When the Little Girl first came from Guatemala, my mother summoned the extended family to a party at a restaurant. Everyone in the room was related by blood or marriage. My mom wanted them all to know that by her declaration, this child was family, too.

Even as a toddler, my daughter understood the power the woman wielded. I once scolded the Little Girl for a minor offense in my mother's house. Staring directly at me, my daughter marched directly into my mother's arms, nearly disappearing in her apron and housedress. Then the little one peered at me, smirking, as the Queen's arms slipped around her, protecting her like Patton's army. The look on my mom's face said that the issue was ended.
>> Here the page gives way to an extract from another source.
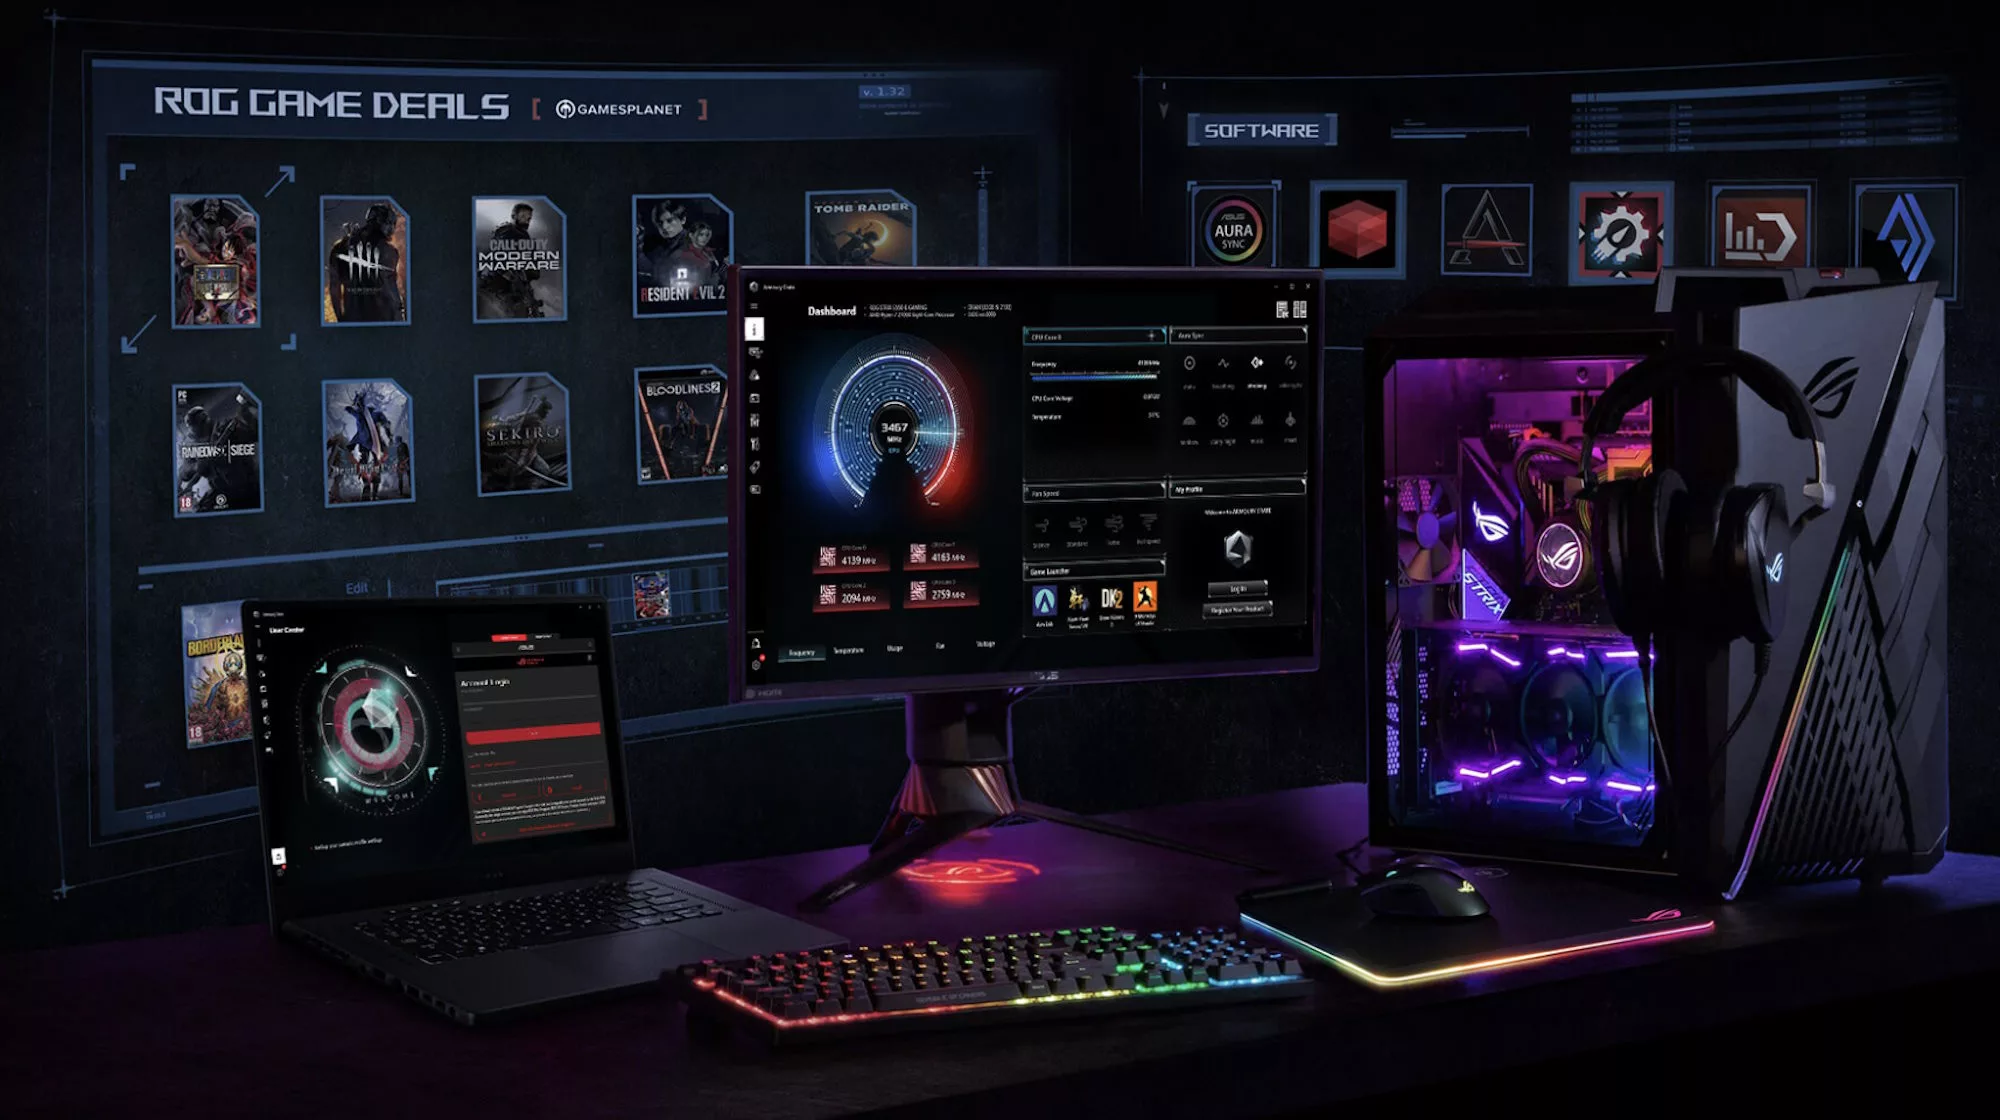 A view of a full gaming desktop setup with the Armoury Crate app visible on the display

"I was just thinking about her," my mom would begin phone conversations with me. "Tell me what she did today." It'd be around the time that she was signing off when she'd remember to ask, "By the way, how are you?"

These days, when I have to make a decision about my daughter, I swear – I absolutely swear – that I can hear my mom's voice in my head, telling me the right thing to do.

I expect that my daughter and I will be hearing from my mom for a lot of years to come. With Italian-American mothers, death is only the beginning of the conversation.